Un escalofrío bajó por su espalda. Por mucho que le doliese su decisión, no podía exponer a Austin al sufrimiento que le causaría la muerte de su hija.
Austin se quedó mirando al posadero.
– Perdone, ¿cómo dice?
– Sólo queda una habitación, excelencia -repitió el anciano.
Austin tuvo que contener el impulso de golpear las paredes con los puños. Maldición, ¿qué otra cosa podía salir mal? Pero se apresuró a desechar ese pensamiento. Más valía no hacerse esa pregunta.
Y no tenía sentido desahogar sus frustraciones en el posadero. No era culpa suya que el hostal estuviese completo. Después de indicad e al criado que llevase el equipaje a la habitación disponible, él y Elizabeth siguieron al posadero escaleras arriba.
La habitación era pequeña pero alegre, y prácticamente todo el espacio estaba ocupado por una cama de aspecto confortable con un cobertor primorosamente bordado.
– Hay agua fresca en la jarra, excelencia -señaló el hospedero-. ¿Necesitaréis alguna cosa más?
Austin desvió su atención de la cama y de la miríada de pensamientos que le inspiraba.
– Nada más, gracias.
El posadero se marchó y cerró la puerta a su espalda. Austin observó a Elizabeth, que jugueteaba con los lazos de su sombrero. Ella lo miró y esbozó una sonrisa vacilante.
– Esto resulta… un tanto violento -dijo.
Él se le acercó, sin despegar los ojos de ella.
– ¿Violento? ¿Por qué? Somos marido y mujer.
Las mejillas de Elizabeth se tiñeron de carmesí.
– No puedo acostarme en la misma cama que tú.
– Ya lo has dicho antes. Pero, por desgracia, sólo hay una cama, y nosotros somos dos.
– Dormiré en el suelo -dijo ella, intentando parecer segura de sí misma, pero el ligero temblor de su voz delataba su nerviosismo.
Bien. No estaba tan serena como quería aparentar. Él acababa de pasar cinco horas angustiosas, de modo que la idea de que quizás ella también estuviese angustiada lo animaba considerablemente.

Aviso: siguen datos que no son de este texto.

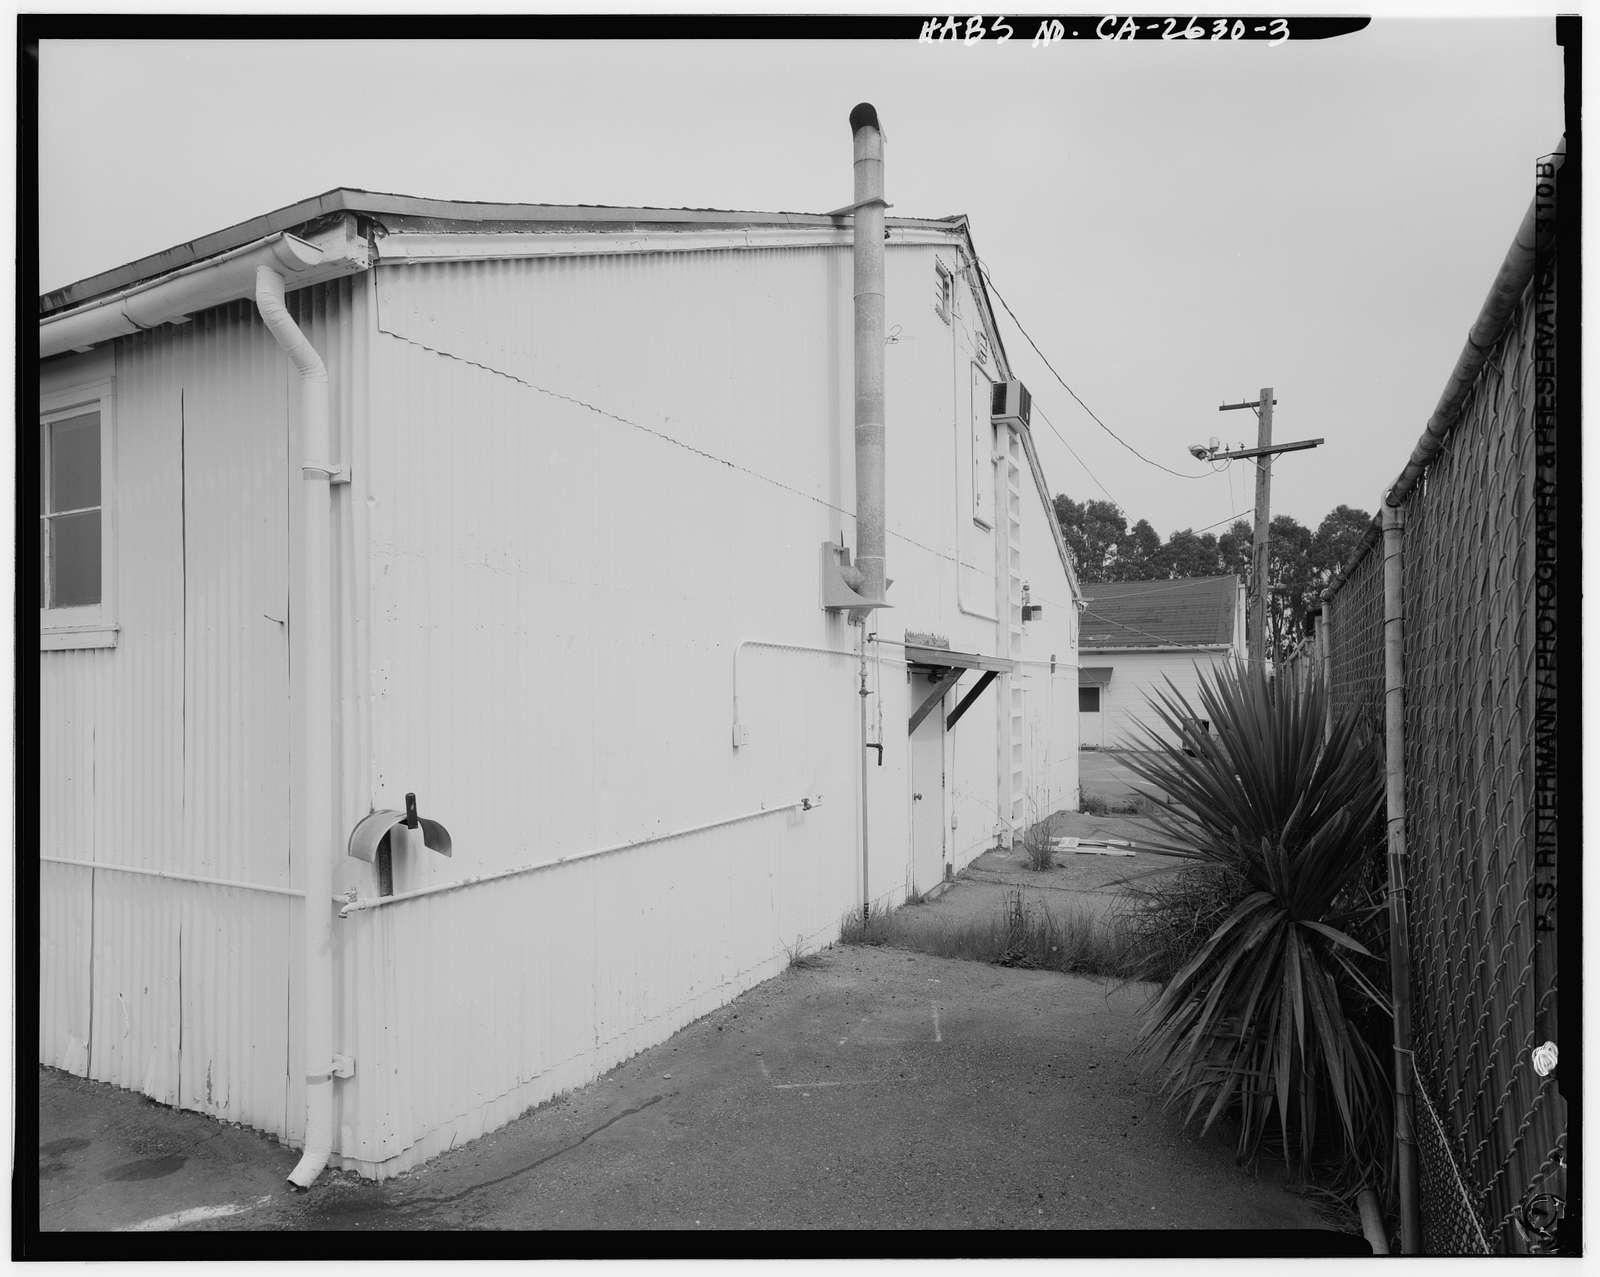 Presidio of San Francisco, Electrical Shop, Crissy Field North cantonment, San Francisco, San Francisco County, CA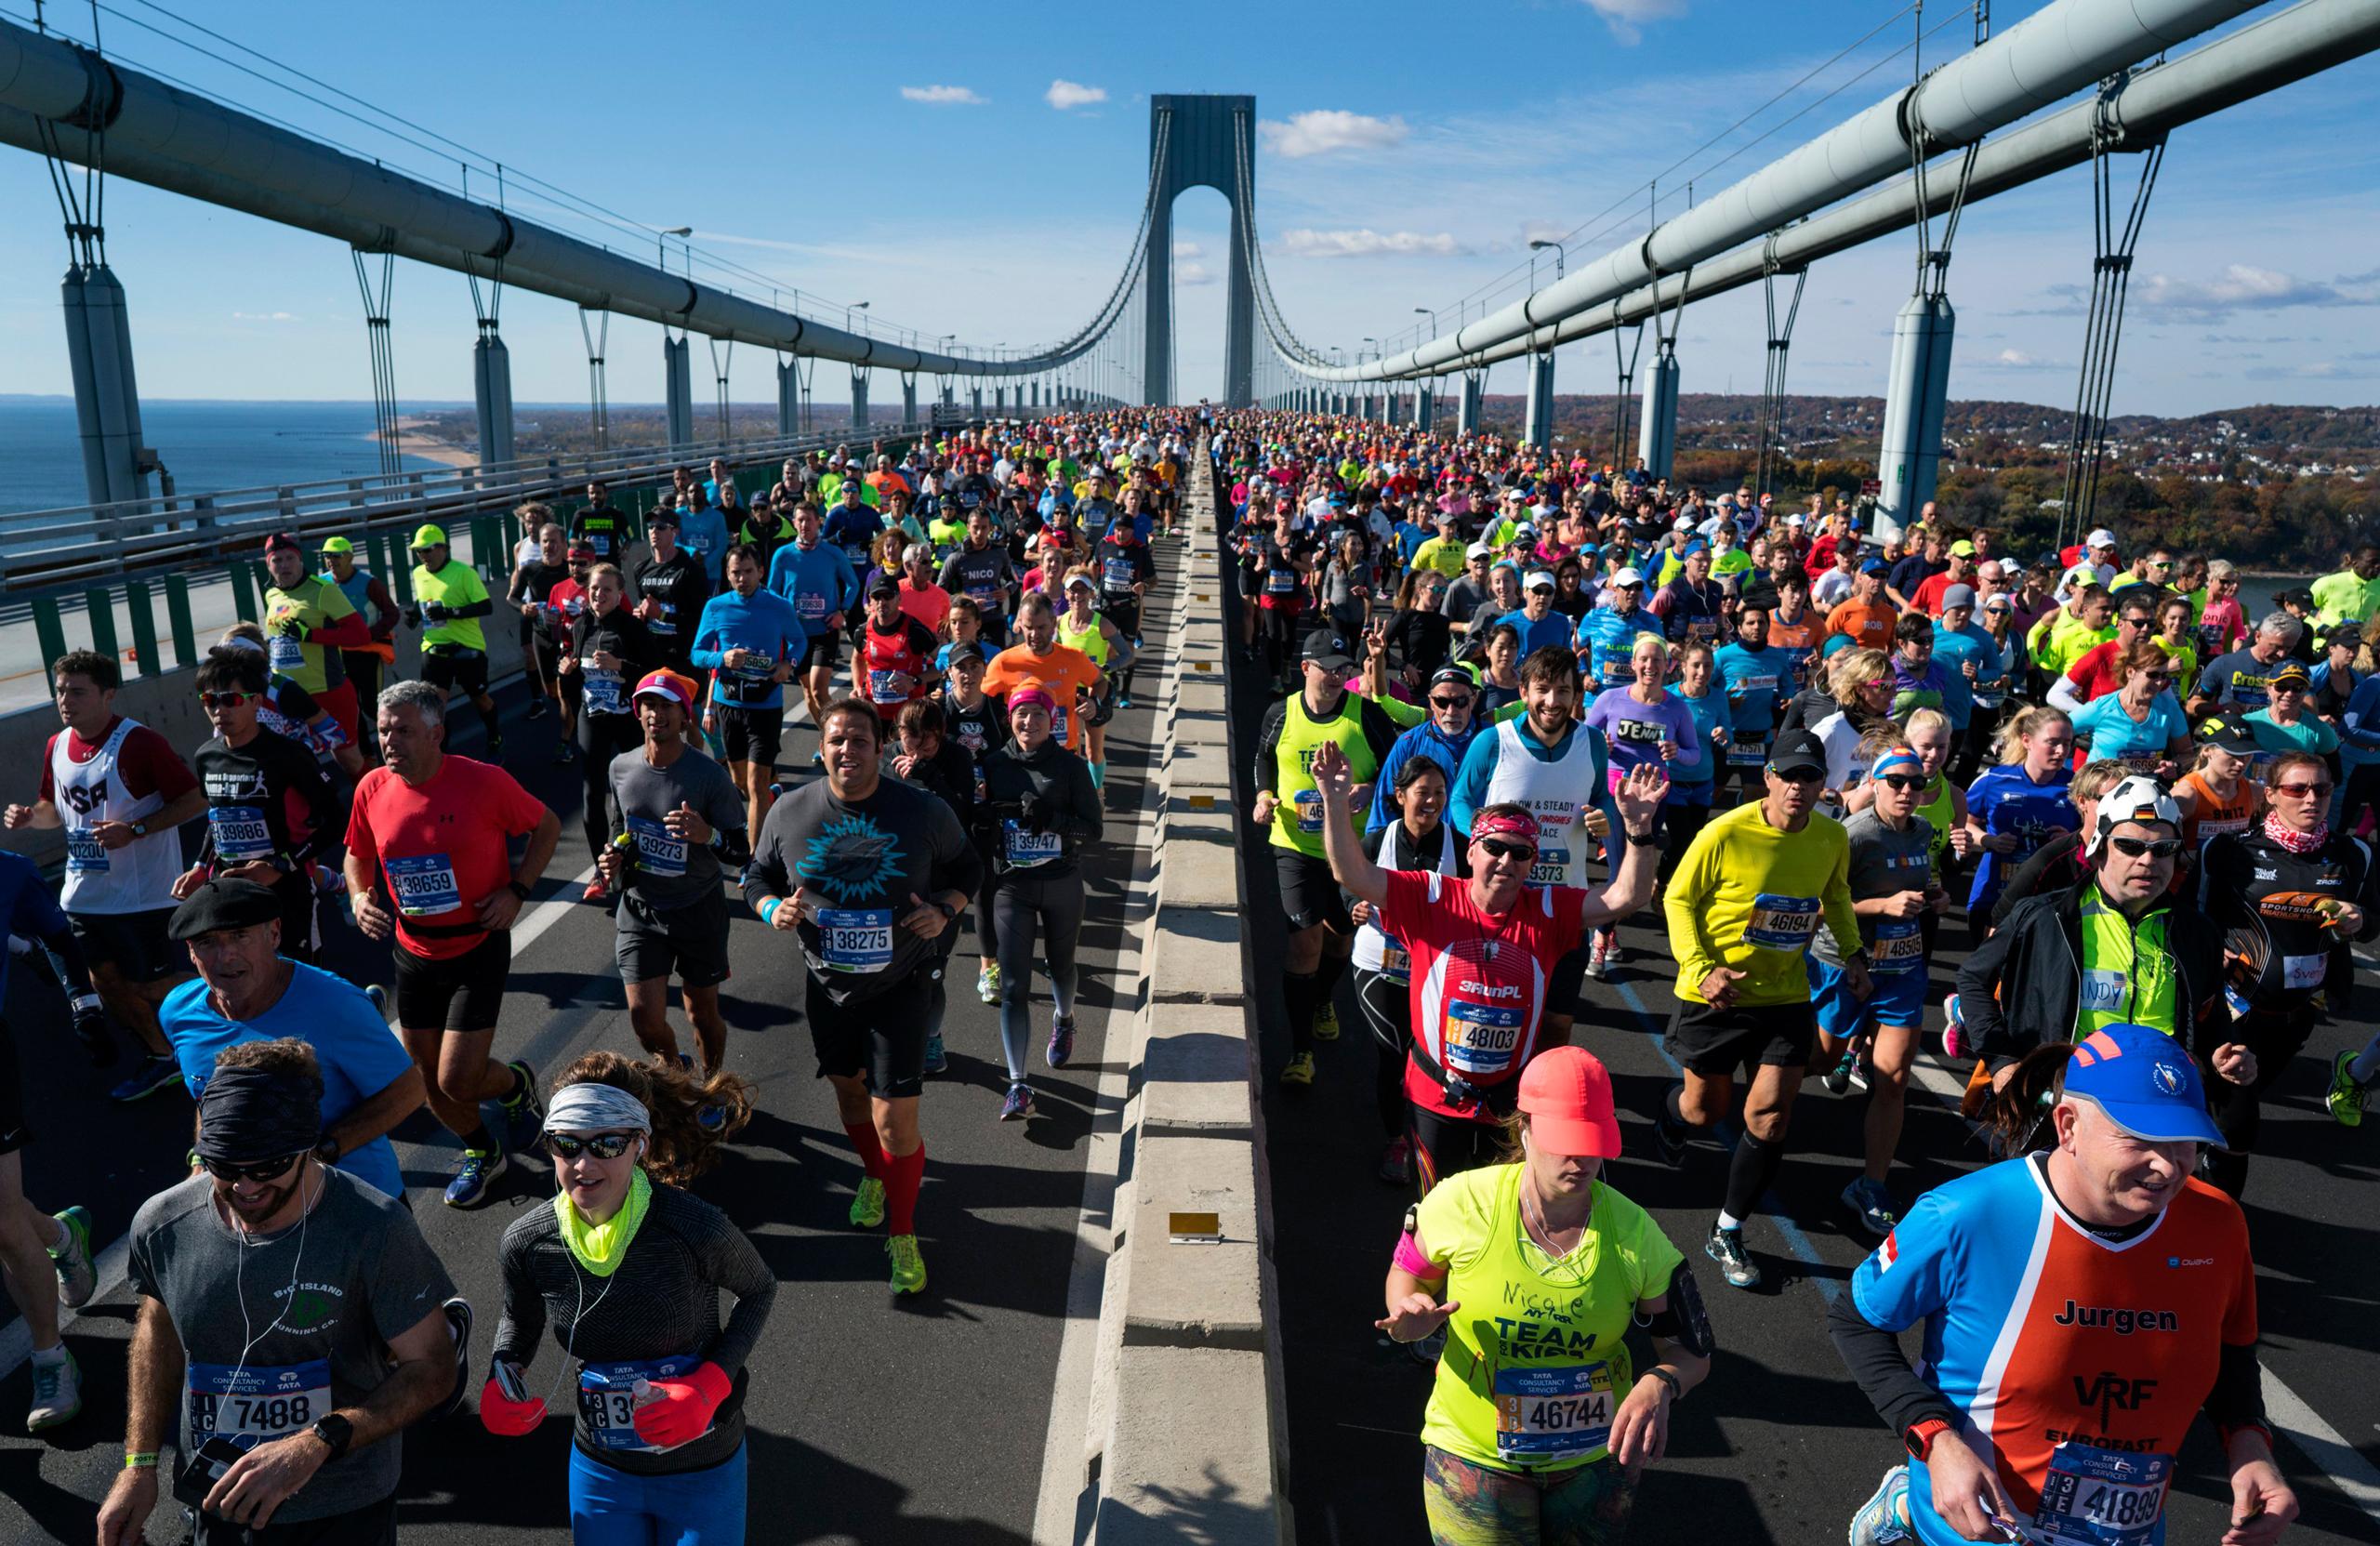 Runners cross the Verrazano-Narrows Bridge during the New York City Marathon in New York on Nov. 6, 2016

Avanzó otro paso hacia ella. Los ojos de Elizabeth reflejaron cierta sorpresa, pero consiguió mantenerse firme. Un paso más, y él detectó su respiración bastante agitada. Dos zancadas más lo colocaron justo enfrente de ella. Sus ojos color ámbar parpadearon con evidente aprensión, y él, muy a su pesar, tuvo que admirar en su fuero interno la gran valentía que demostraba al no retroceder ante él. Pero deseaba hacerle perder la calma, maldita sea. Del mismo modo que ella le había hecho perder la suya.